Look below for the line that has "soma dawn gray right sofa bed"; output exactly from it through the line that has "오크 프레임과 초록색의 네츄럴 아트가 어우러져 차분한 분위기의 침실용 갤러리월", and leave the pictures out.

### Supplied entries

<<<<

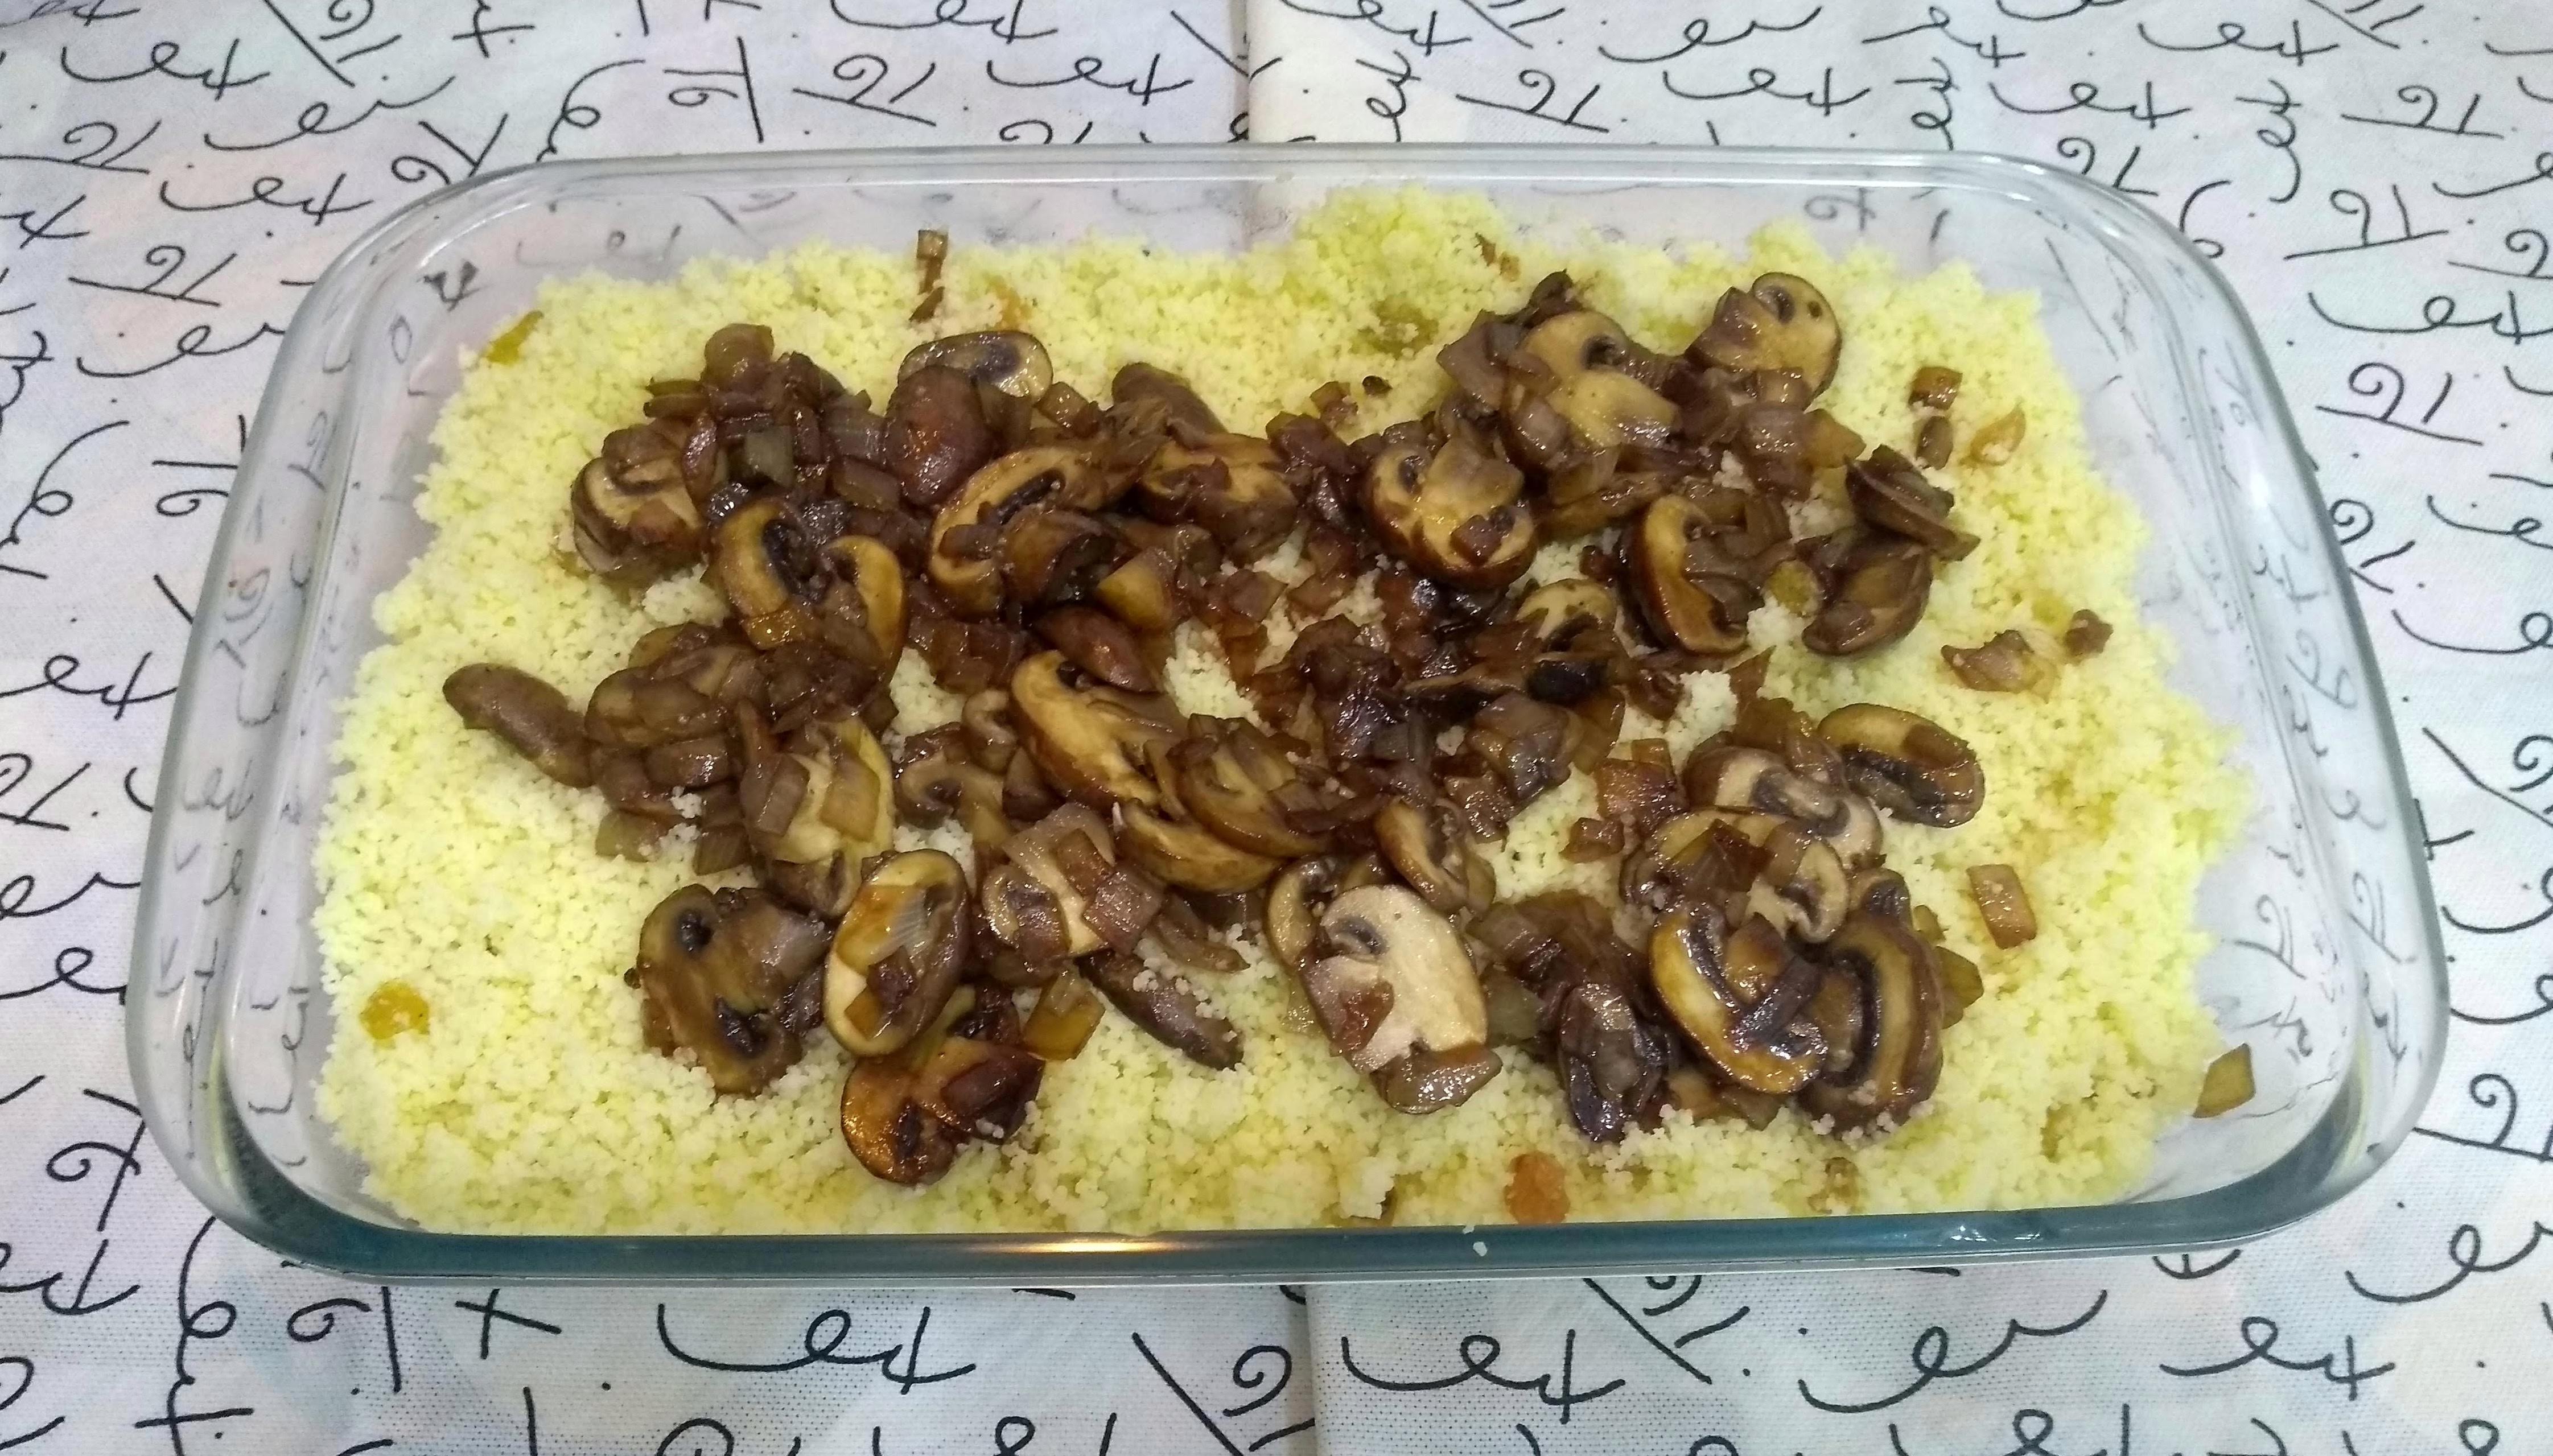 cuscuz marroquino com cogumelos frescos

>>>>
<<<<

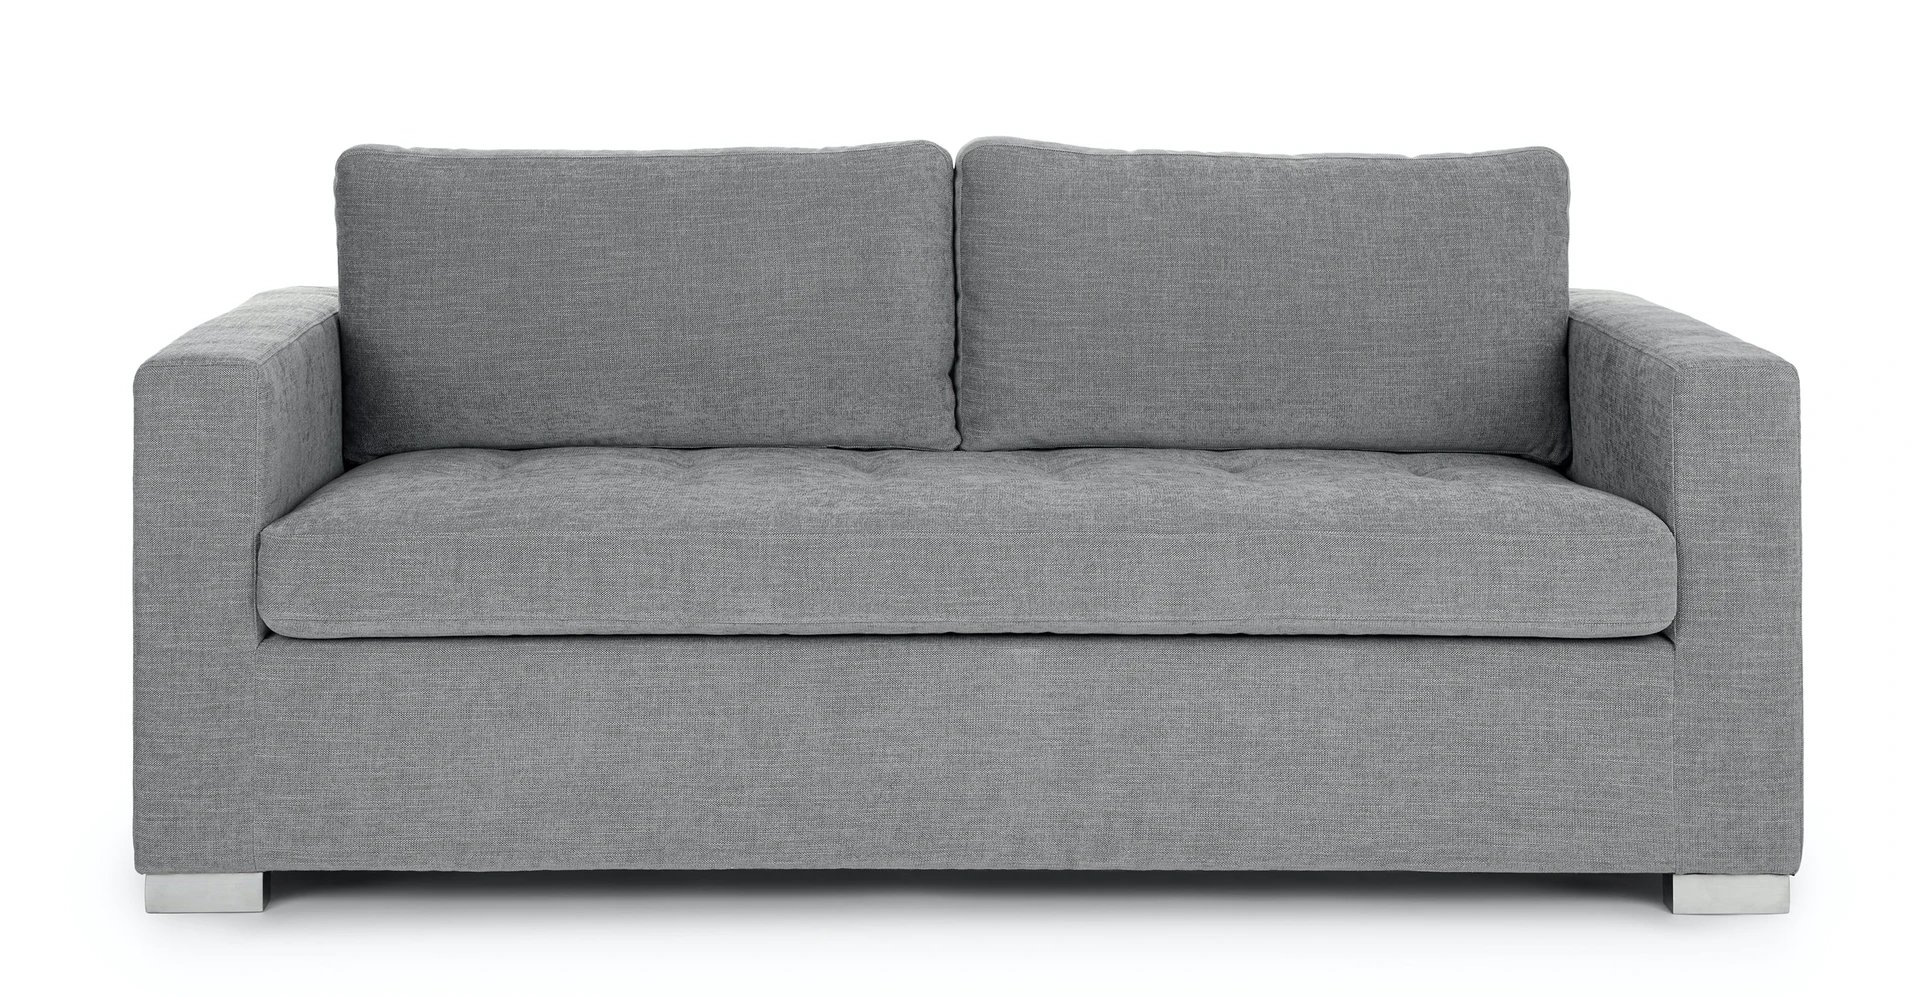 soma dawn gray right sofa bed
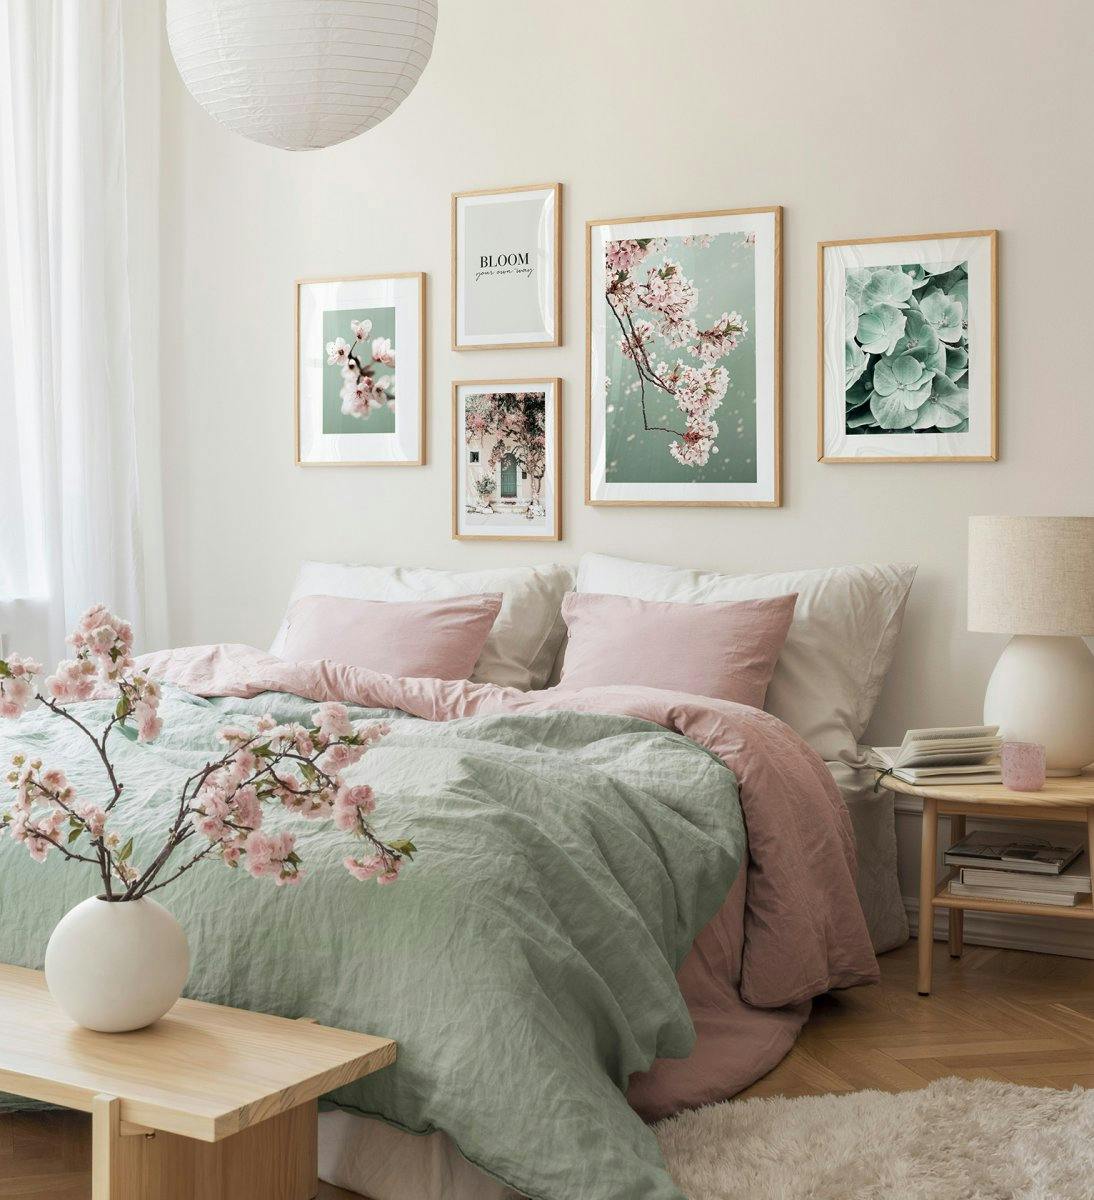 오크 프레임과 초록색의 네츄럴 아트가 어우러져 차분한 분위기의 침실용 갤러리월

>>>>

### Solution to the problem
 soma dawn gray right sofa bed
 오크 프레임과 초록색의 네츄럴 아트가 어우러져 차분한 분위기의 침실용 갤러리월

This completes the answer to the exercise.